Self-Supervised Learning

Overview

Supervised deep learning requires large amounts of labelled data. In medical imaging, expert annotations are expensive, time-consuming, and often in short supply. Self-supervised learning (SSL) sidesteps this bottleneck by learning rich representations from unlabelled data through pretext tasks — the labels emerge from the data itself.

Methods

Masked Autoencoders (MAE)

Inspired by BERT in NLP, MAE randomly masks a high proportion (75%) of image patches and trains an encoder-decoder to reconstruct the missing regions. The encoder learns spatially rich features without any labels. My L-MAE extends this to temporal sequences of medical images, masking across both space and time.

Contrastive Learning

Contrastive methods (SimCLR, MoCo, DINO) learn representations by pulling together augmented views of the same image and pushing apart views from different images. In ophthalmology, I explore domain-specific augmentations that respect the clinical semantics of retinal images (e.g., preserving colour balance unlike standard photographic augmentations).

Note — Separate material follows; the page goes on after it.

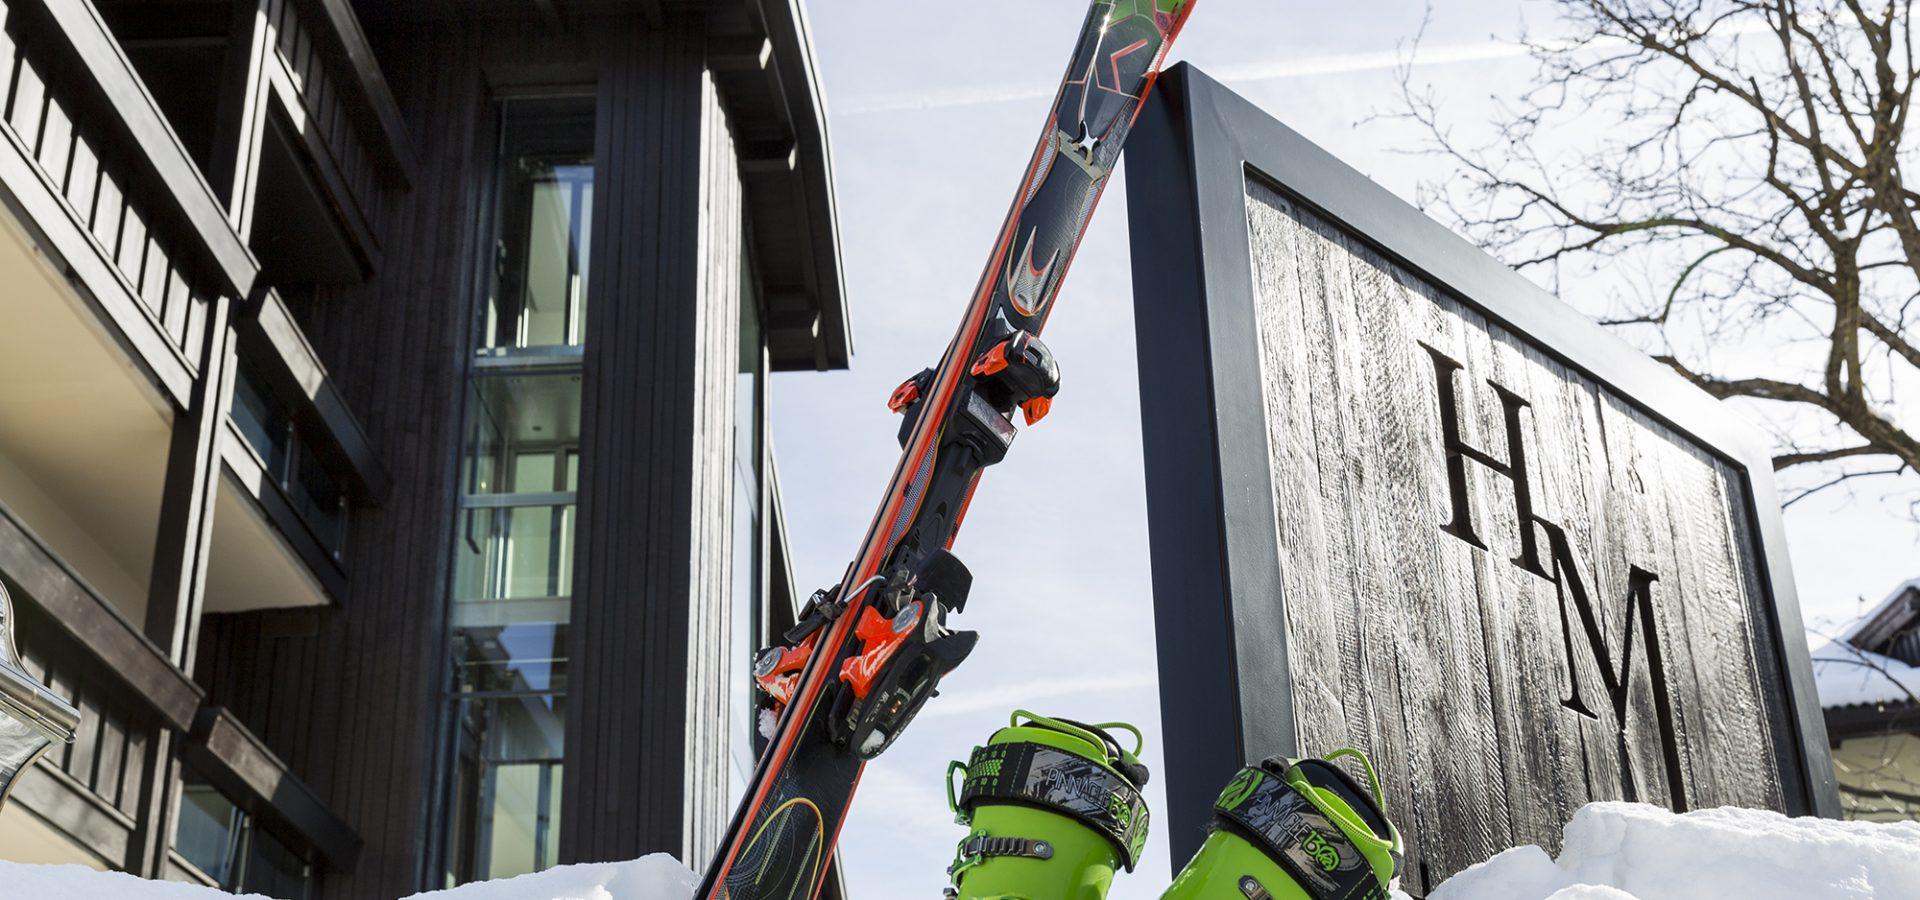 hotel-mayr-kastelruth-eingangschild-schnee-skier

Longitudinal Self-Supervision

A key insight from my PhD: a patient’s own follow-up visits provide natural supervision signals. Given images from visit $t$ and visit $t+n$, the model learns to predict the direction of change rather than just recognising static features. This is the foundation of L-MAE and part of LatiM’s pretraining.

Why it matters

SSL pre-trained models consistently outperform randomly initialised models on small labelled datasets — exactly the regime that characterises most clinical datasets in rare disease and specialised imaging modalities. A 10% fine-tuning label budget with a strong SSL backbone often matches 100% supervised training from scratch.